How you respond to a potential attack matters just as much as what you do to prevent an attack. Just because a burglar enters your house, doesn’t mean there’s nothing else you can do to stop him. Response tools can help you remove an attacker or minimize the damage they can do to your company. This includes tools like EDR, XDR as well as response services from partners who provide managed detection and response or managed security providers. By outsourcing the work to a team of experts available 24/7, you’ll be able to react much faster.
Companies don’t have to do this by themselves — how third-parties can help
Building a comprehensive security department can be difficult because it requires a lot of resources. Not only are multiple security tools and technology needed, but talent and security personnel are required in order to make use of all the information, alerts, and data sent to organizations by these tools.

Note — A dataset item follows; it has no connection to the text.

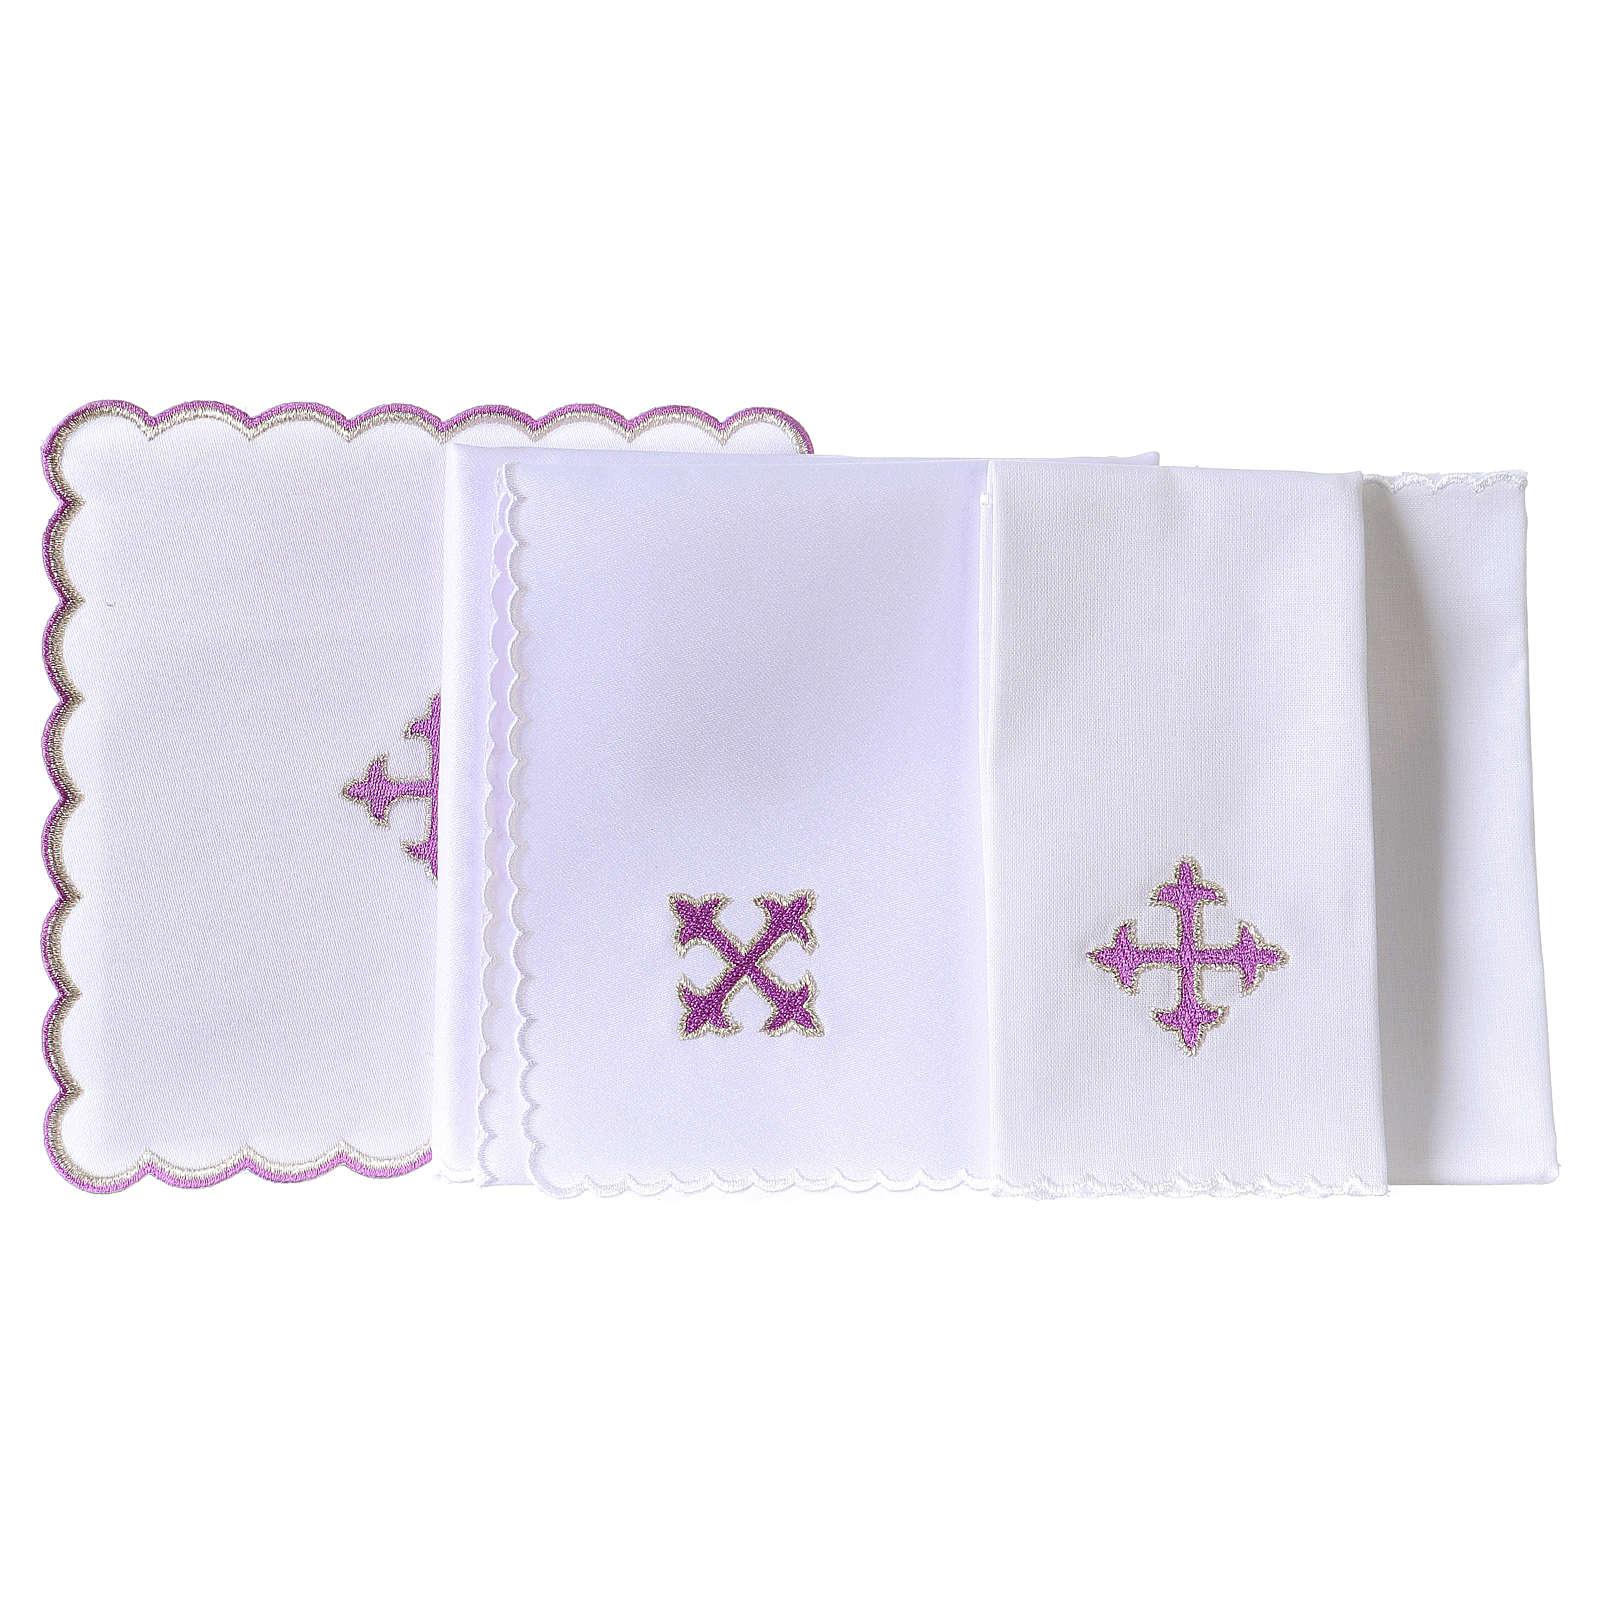 Kelchwäsche aus Baumwolle violetten Kreuz 4

Finding the right talent and tools can be a nearly impossible task, which is why you should consider partnering with a key cybersecurity vendor. Leveraging managed detection and response (MDR) providers who incorporate EDR and XDR for a comprehensive understanding of your IT environment that can help you better protect the company against advanced attacks.
Companies may also consider working with a managed security service provider (MSSP) who can act as an outsourced cyber security department. These providers can use tools and technology and respond to threats quickly to prevent any damage from happening.
While building comprehensive cybersecurity can be difficult, organizations have many options available to them. What’s most important is that they don’t just stop at a single preventative tool. Otherwise, you’re leaving your house wide open.